Section 1.21 Reports and Statements to Series 2001-A Noteholders.
(1) On each Distribution Date, the Paying Agent, on behalf of the Indenture
Trustee, shall forward to each Series 2001-A Noteholder a statement
substantially in the form of Exhibit C prepared by the Servicer.
(2) Not later than the second Business Day preceding each Distribution
Date, the Servicer shall deliver to the Owner Trustee, the Indenture Trustee,
the Paying Agent, the Insurer, the Counterparty and each Rating Agency (i) a
statement substantially in the form of Exhibit C prepared by the Servicer and
(ii) a certificate of an Authorized Officer substantially in the form of Exhibit
D; provided that the Servicer may amend the form of Exhibit C and Exhibit D,
from time to time, with the prior written consent of the Indenture Trustee.

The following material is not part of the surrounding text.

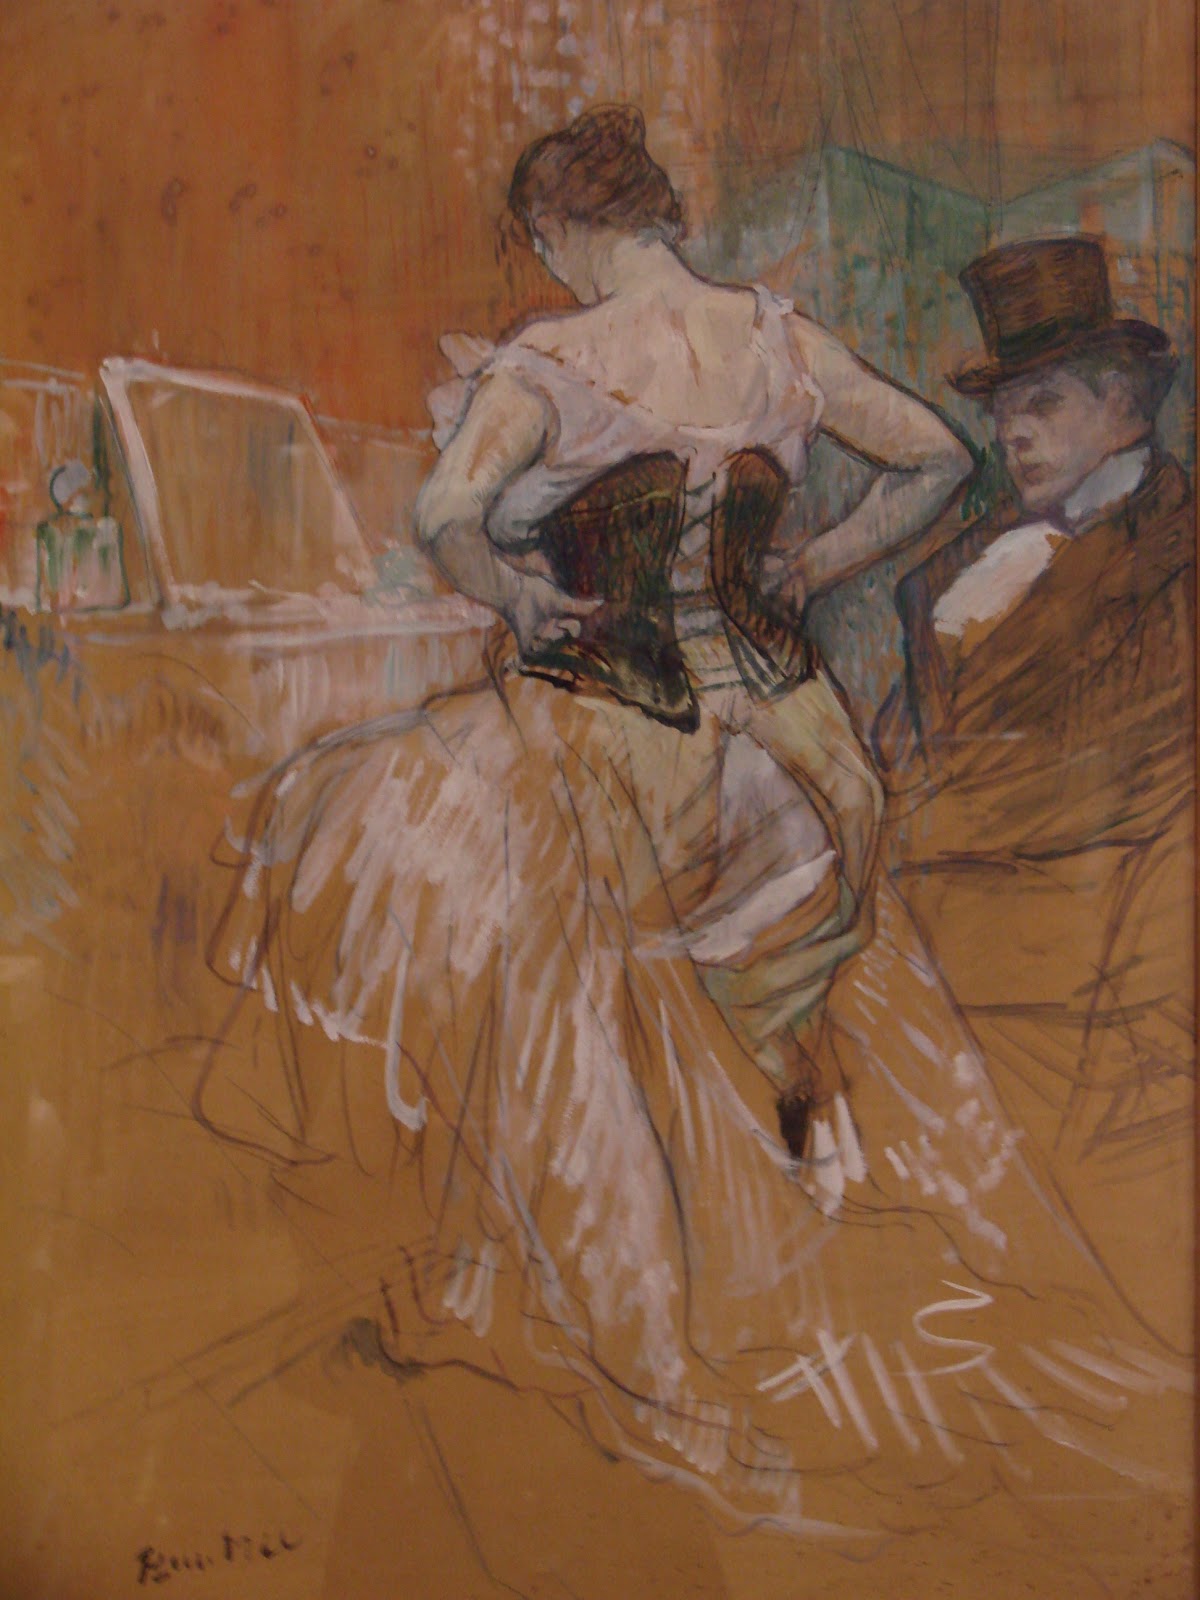 Henri+de+Toulouse+Lautrec-1864-1901 (37).jpg
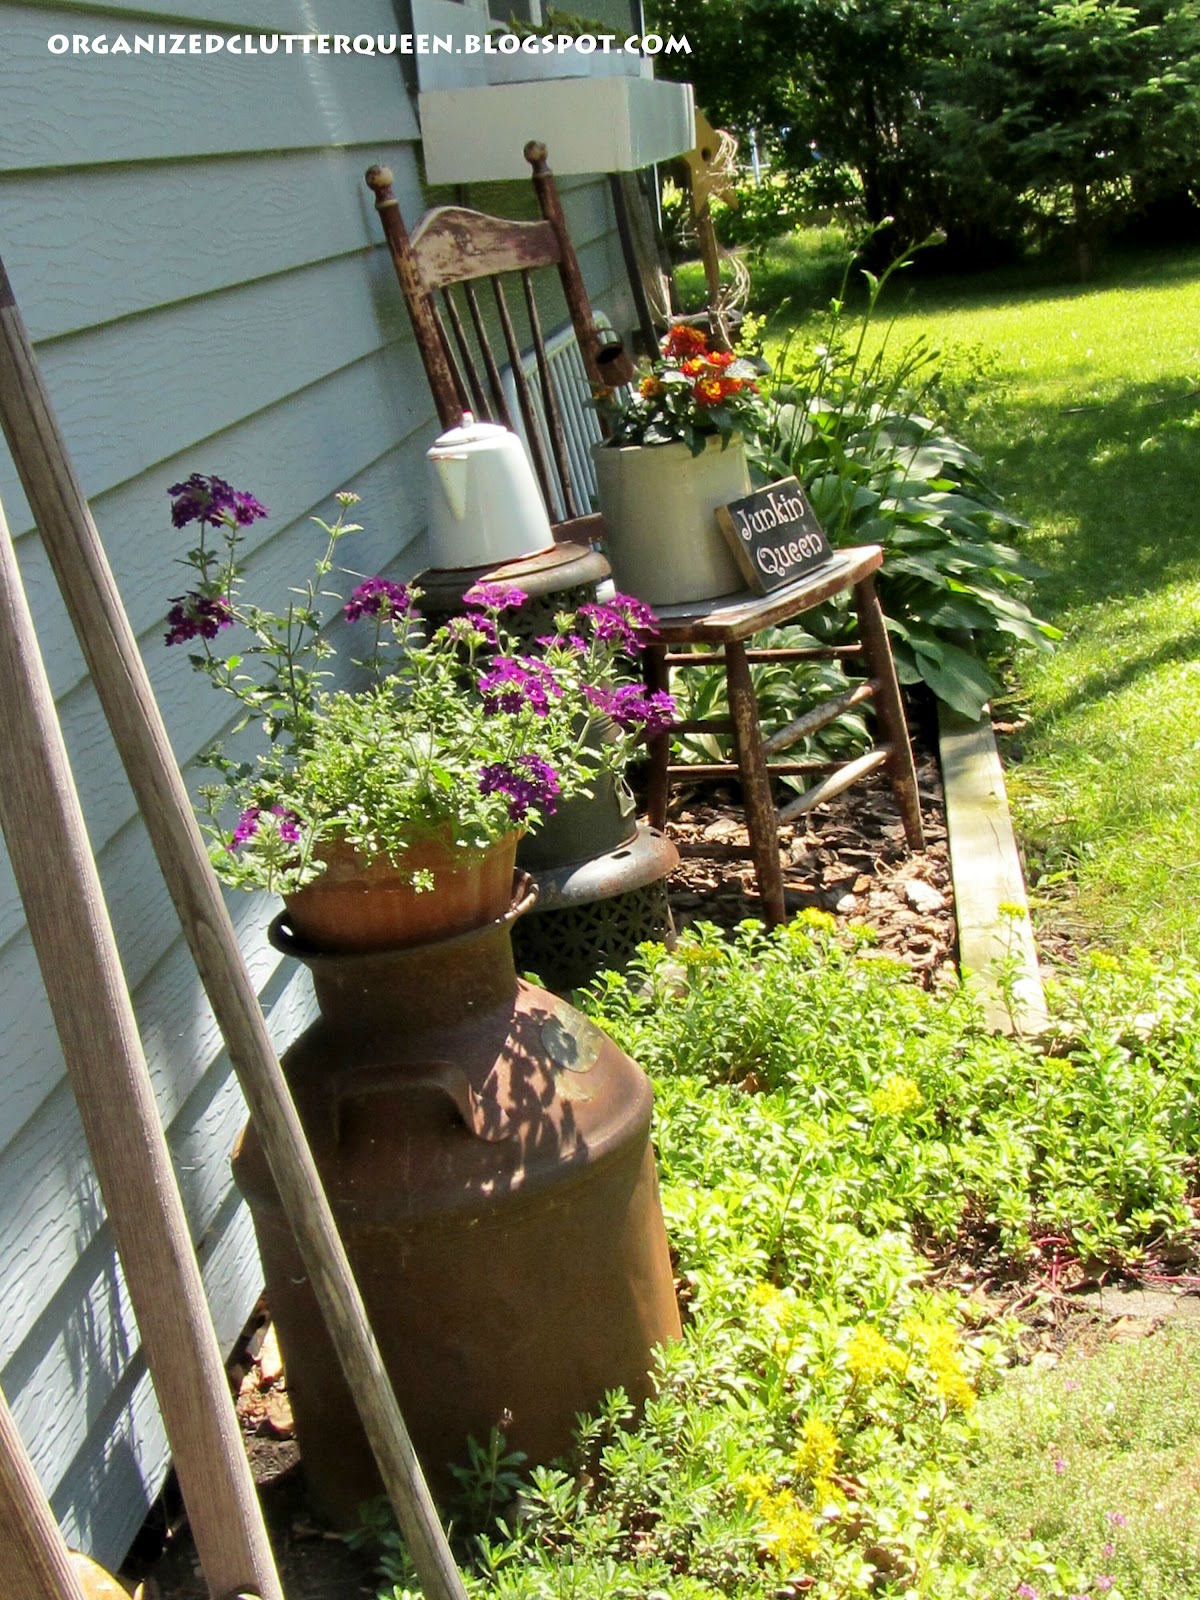 My Top Flower/Junk Garden Posts of 2012 | Organized Clutter

(3) A copy of each statement or certificate provided pursuant to paragraph
(a) or (b) may be obtained by any Series 2001-A Noteholder by a request in
writing to the Servicer.
(4) On or before January 31 of each calendar year, beginning with January
31, 2002, the Paying Agent, on behalf of the Indenture Trustee, shall furnish or
cause to be furnished to each Person who at any time during the preceding
calendar year was a Series 2001-A Noteholder, a statement prepared by the
Servicer containing the information which is required to be contained in the
statement to Series 2001-A Noteholders, as set forth in paragraph (a) above,
aggregated for such calendar year or the applicable portion thereof during which
such Person was a Series 2001-A Noteholder, together with other information as
is required to be provided by an issuer of indebtedness under the Code. Such
obligation of the Paying Agent shall be deemed to have been satisfied to the
extent that substantially comparable information shall be provided by the
Servicer pursuant to any requirements of the Code as from time to time in
effect.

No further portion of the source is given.